**Exercise details**
One exact copy of the listing, minus the images, is the required answer.

**Given information**

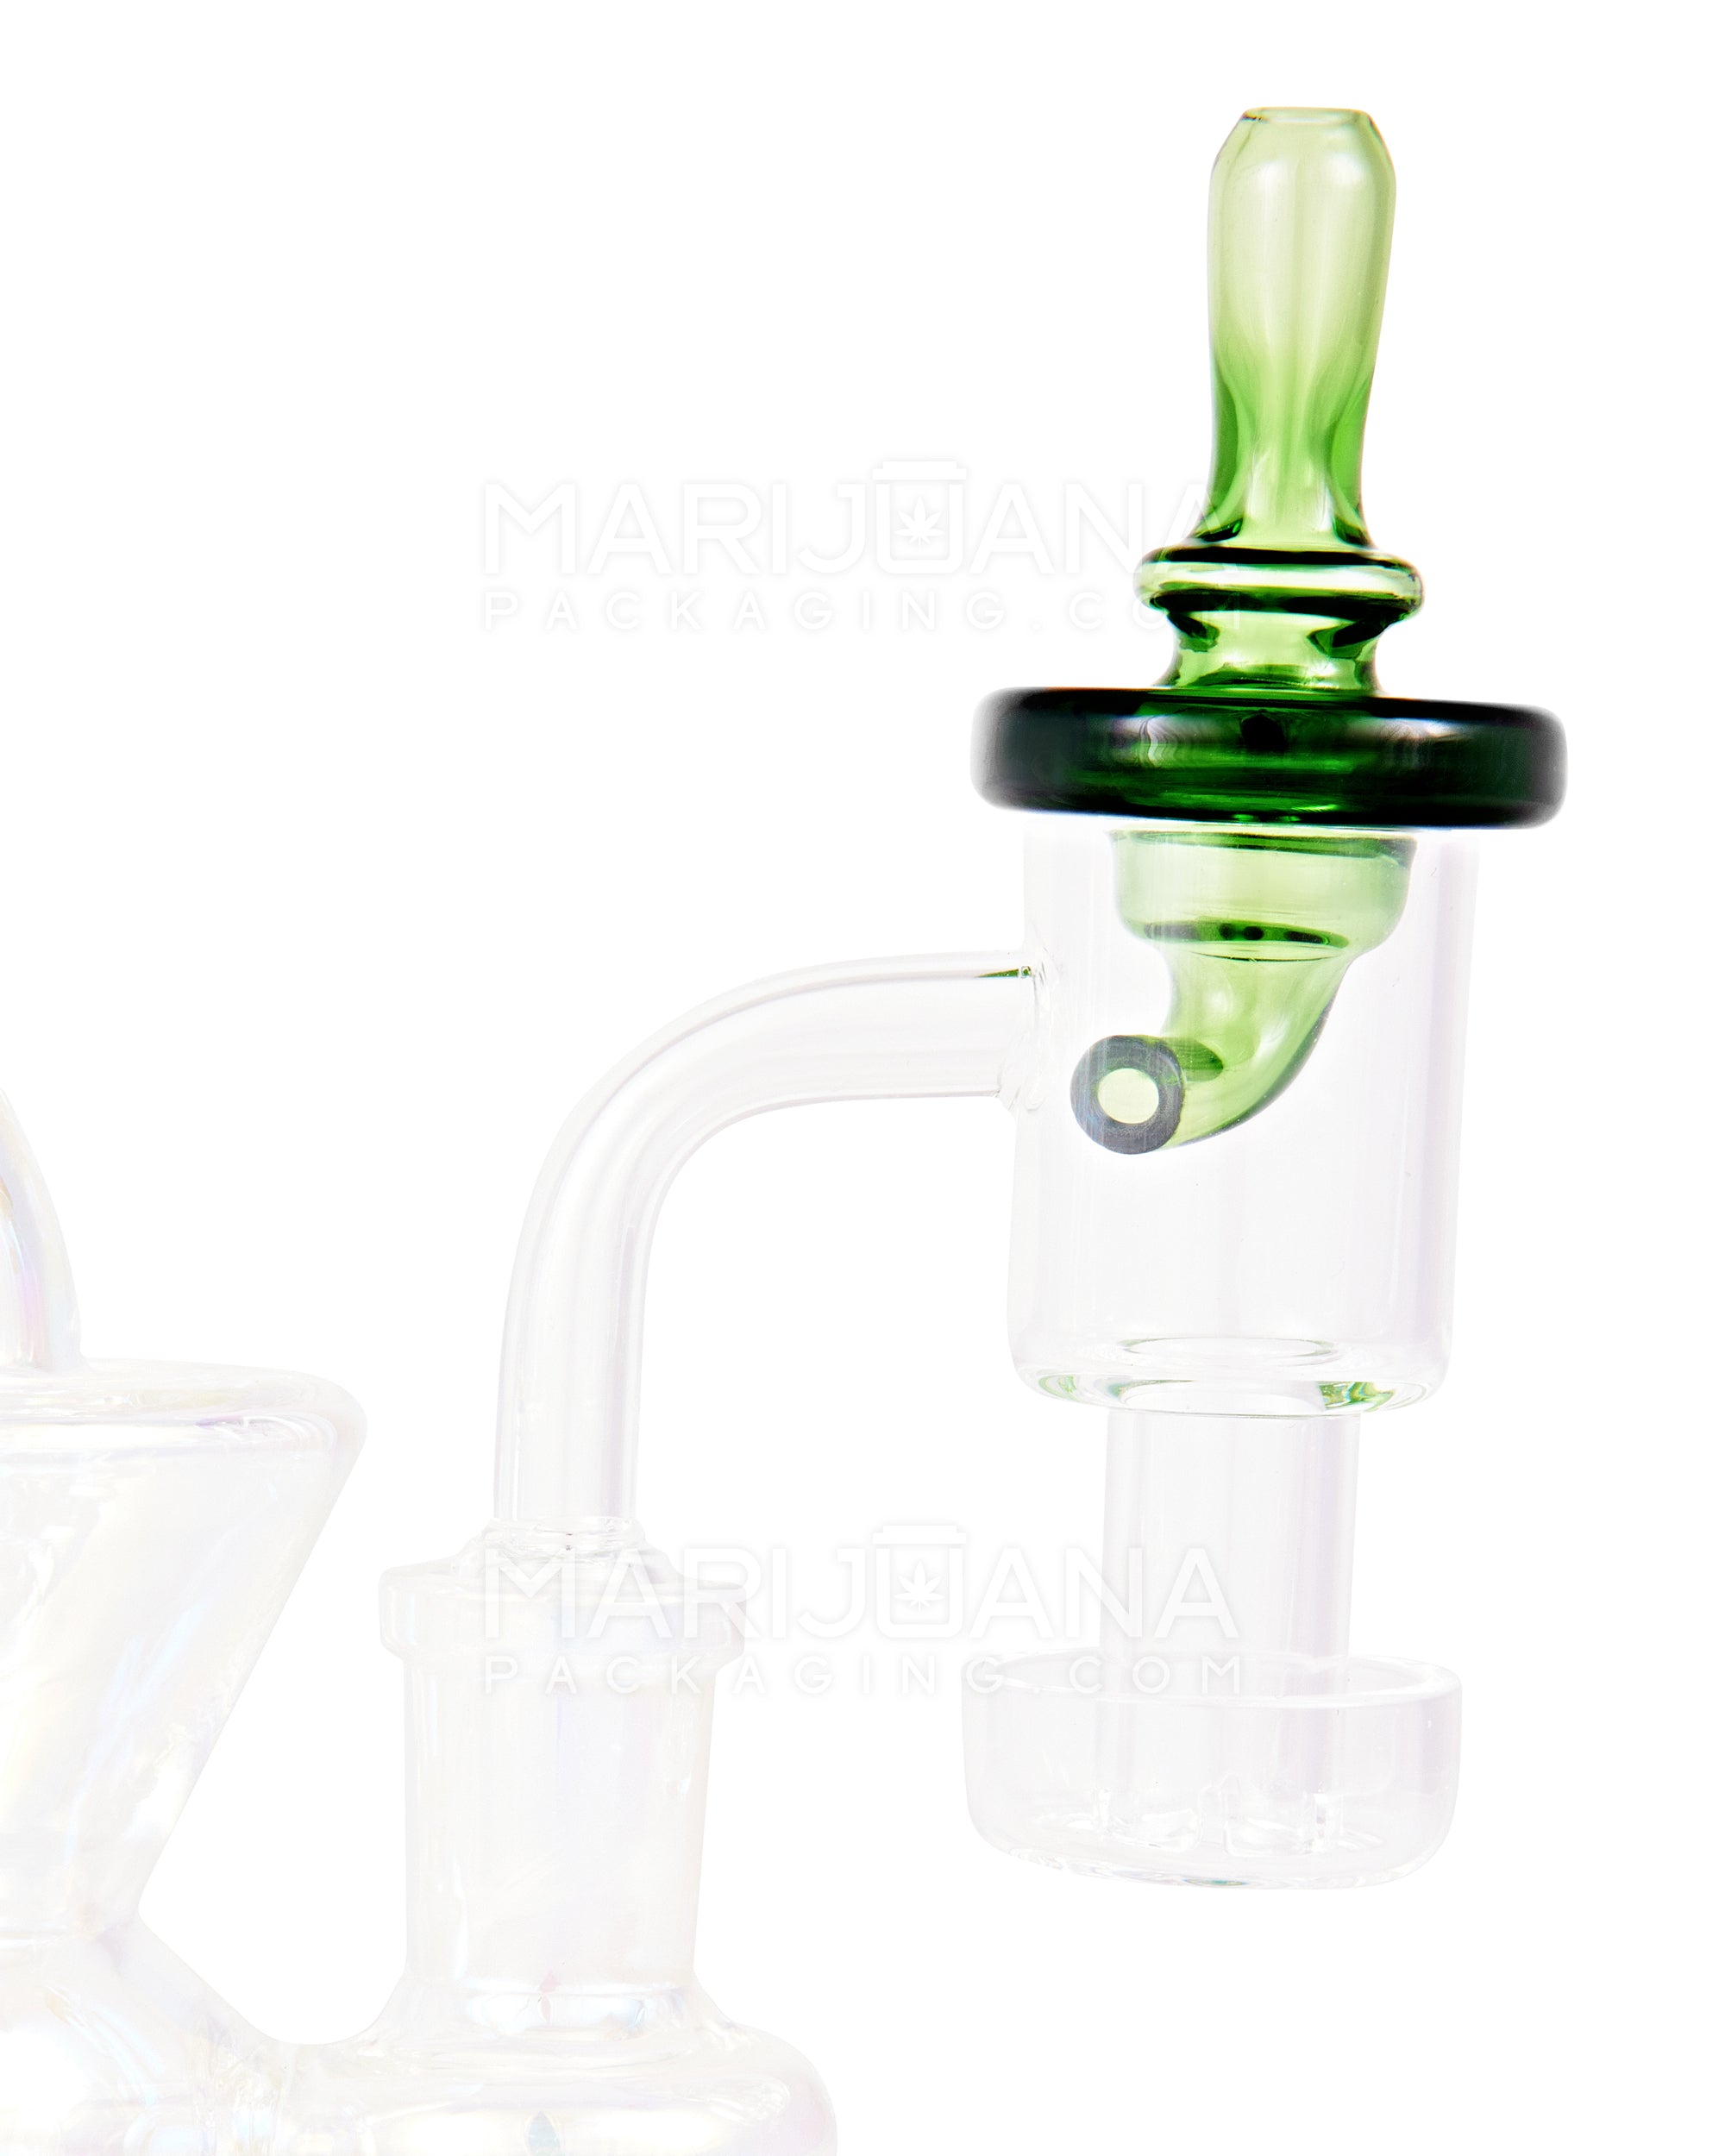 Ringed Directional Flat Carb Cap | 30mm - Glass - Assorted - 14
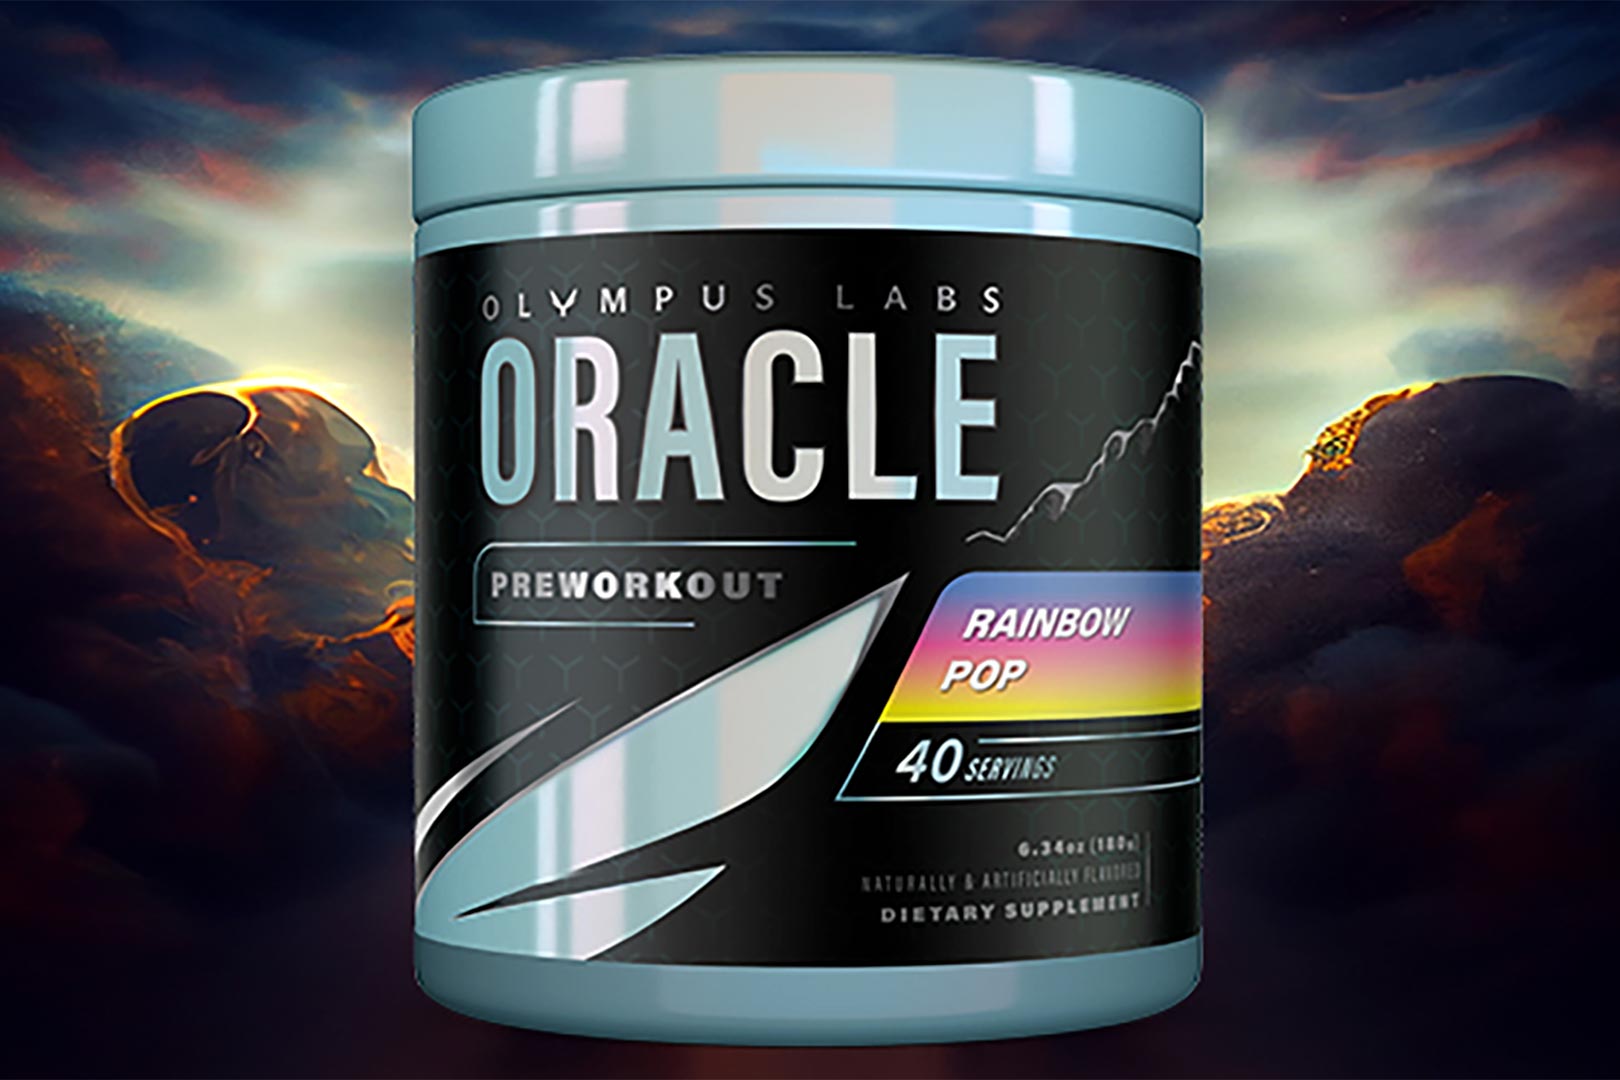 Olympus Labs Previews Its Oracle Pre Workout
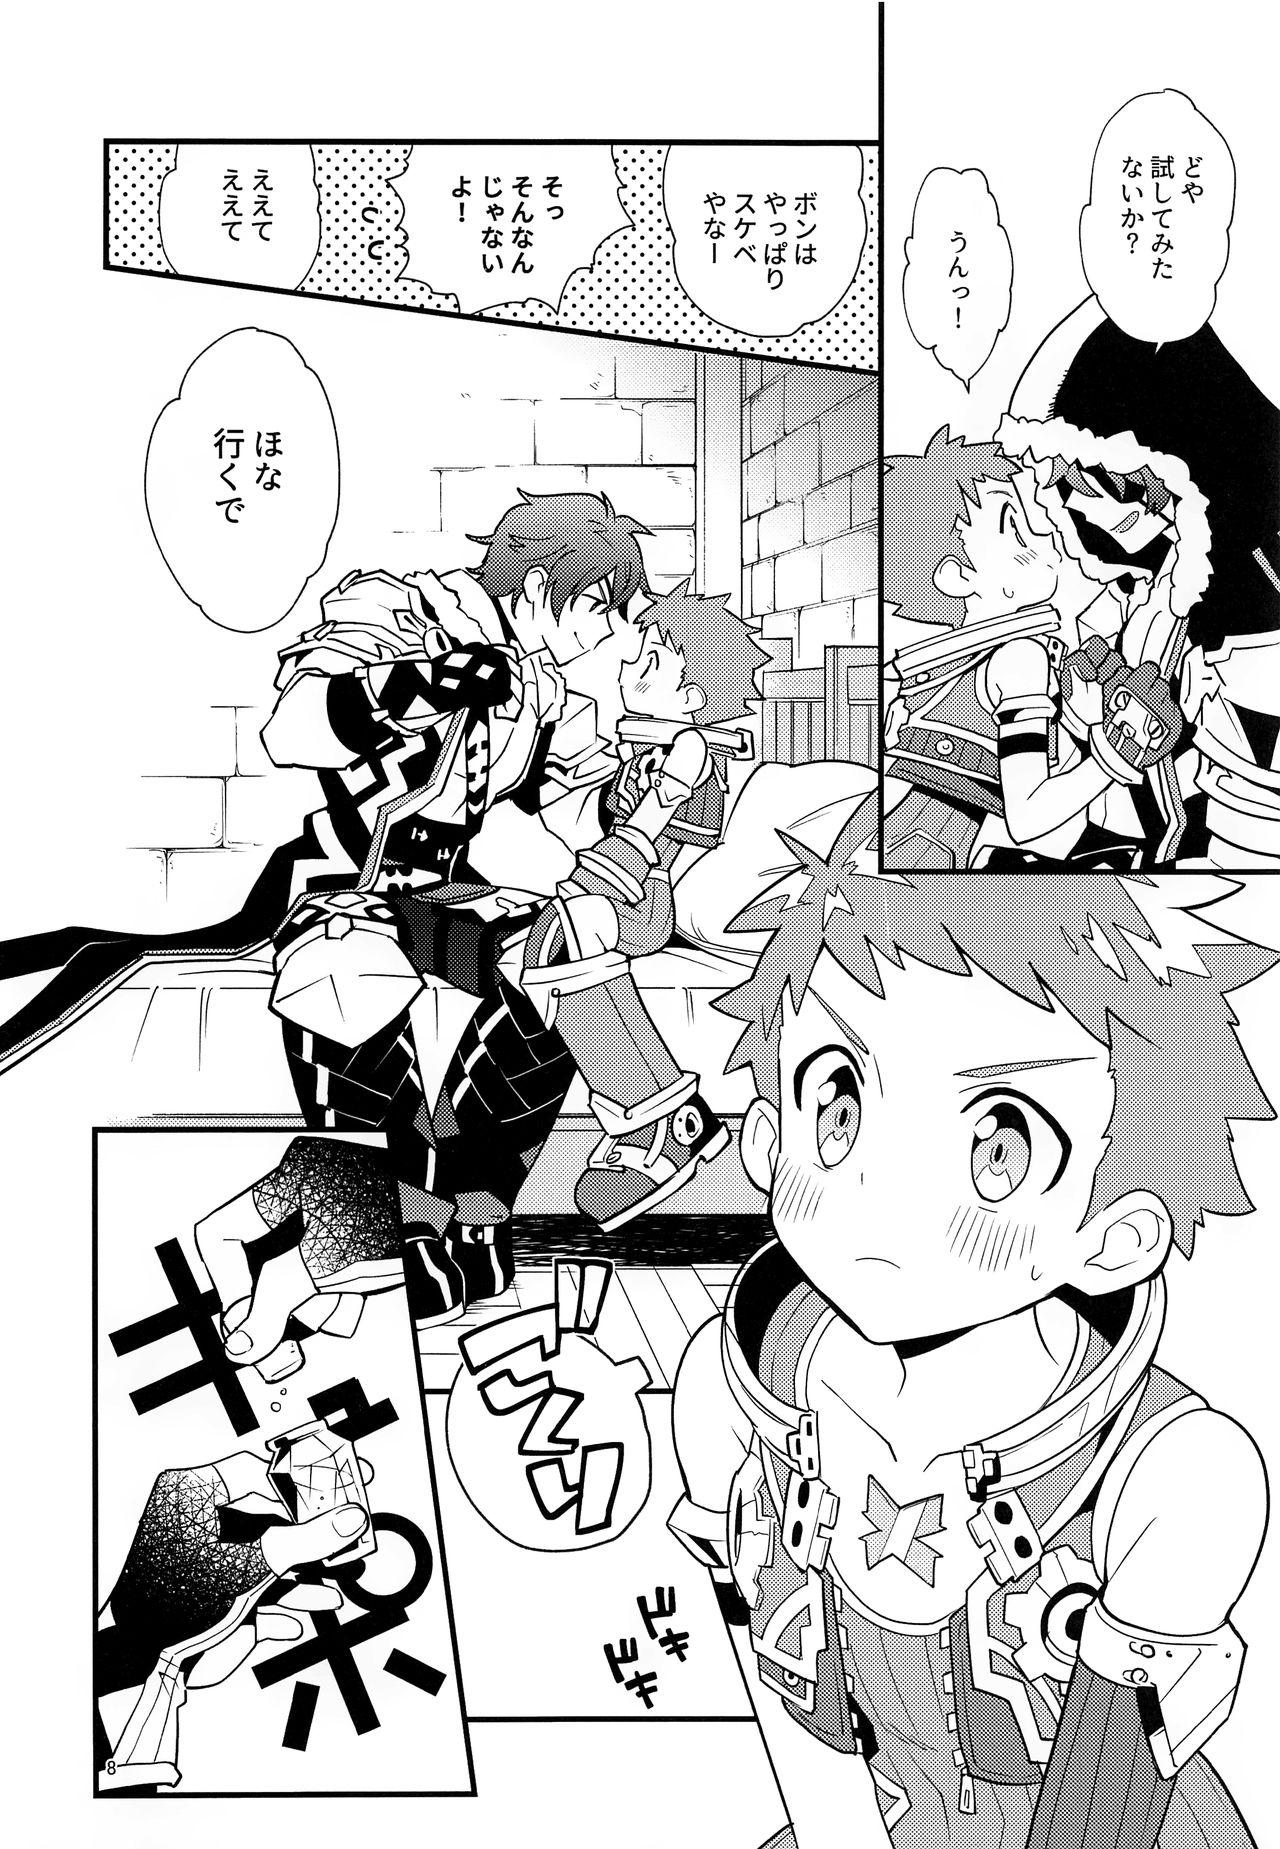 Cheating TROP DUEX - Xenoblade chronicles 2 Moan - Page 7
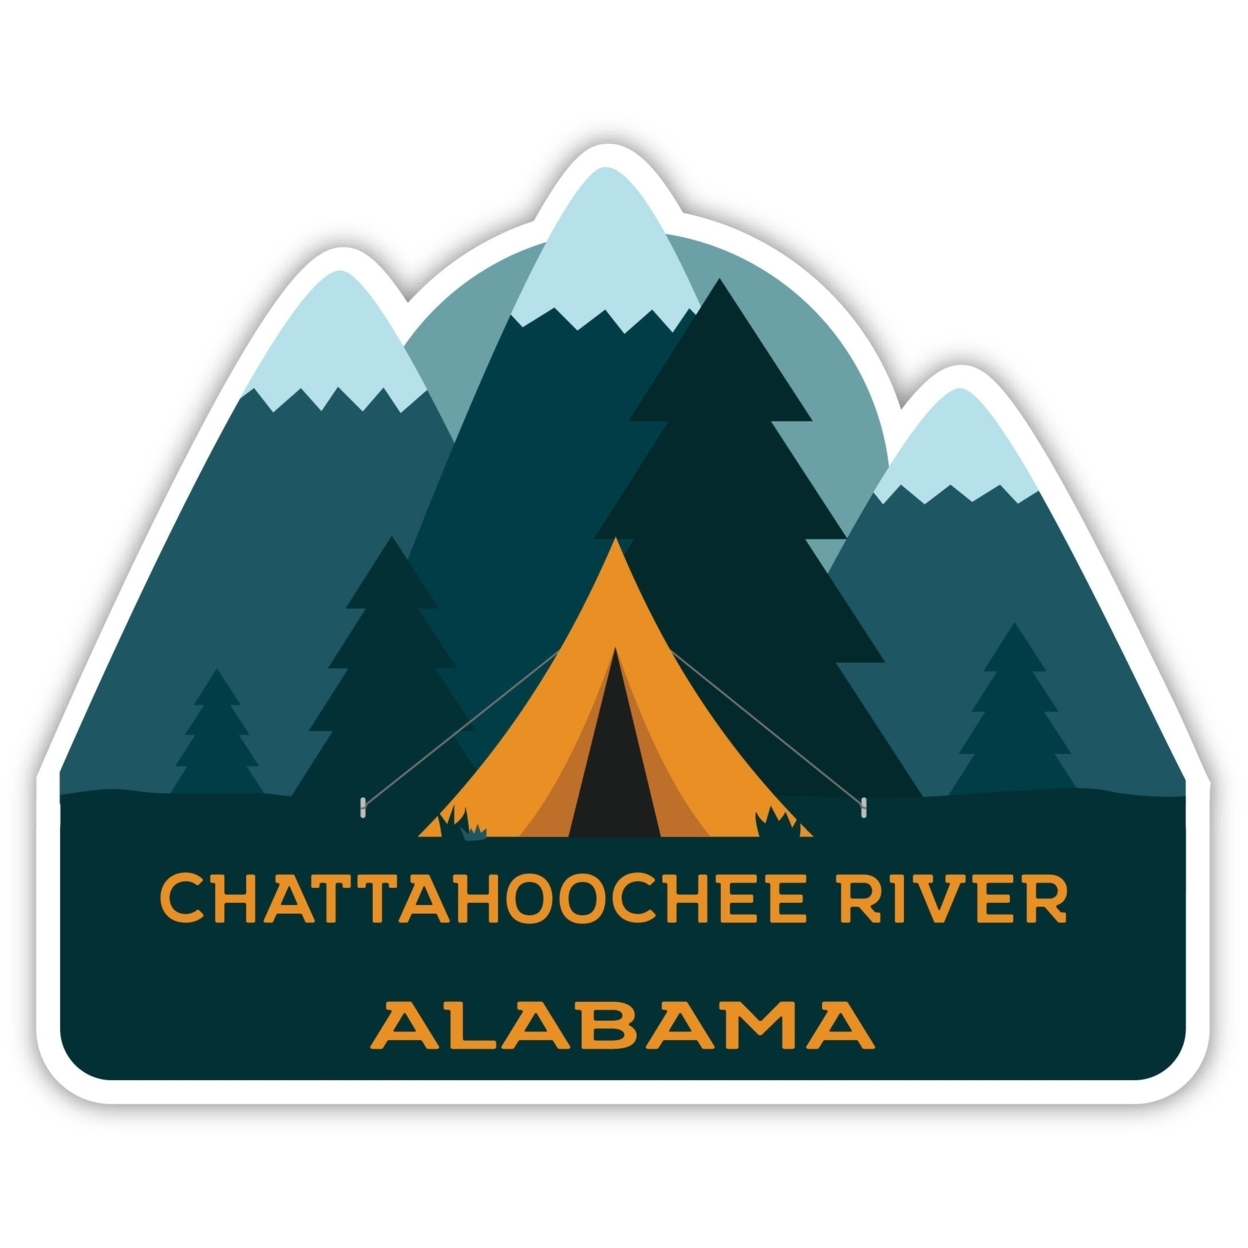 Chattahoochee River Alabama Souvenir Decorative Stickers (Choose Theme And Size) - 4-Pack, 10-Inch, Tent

**Response for this exercise**
 Ringed Directional Flat Carb Cap | 30mm - Glass - Assorted - 14
 Olympus Labs Previews Its Oracle Pre Workout
 Cheating TROP DUEX - Xenoblade chronicles 2 Moan - Page 7
 Chattahoochee River Alabama Souvenir Decorative Stickers (Choose Theme And Size) - 4-Pack, 10-Inch, Tent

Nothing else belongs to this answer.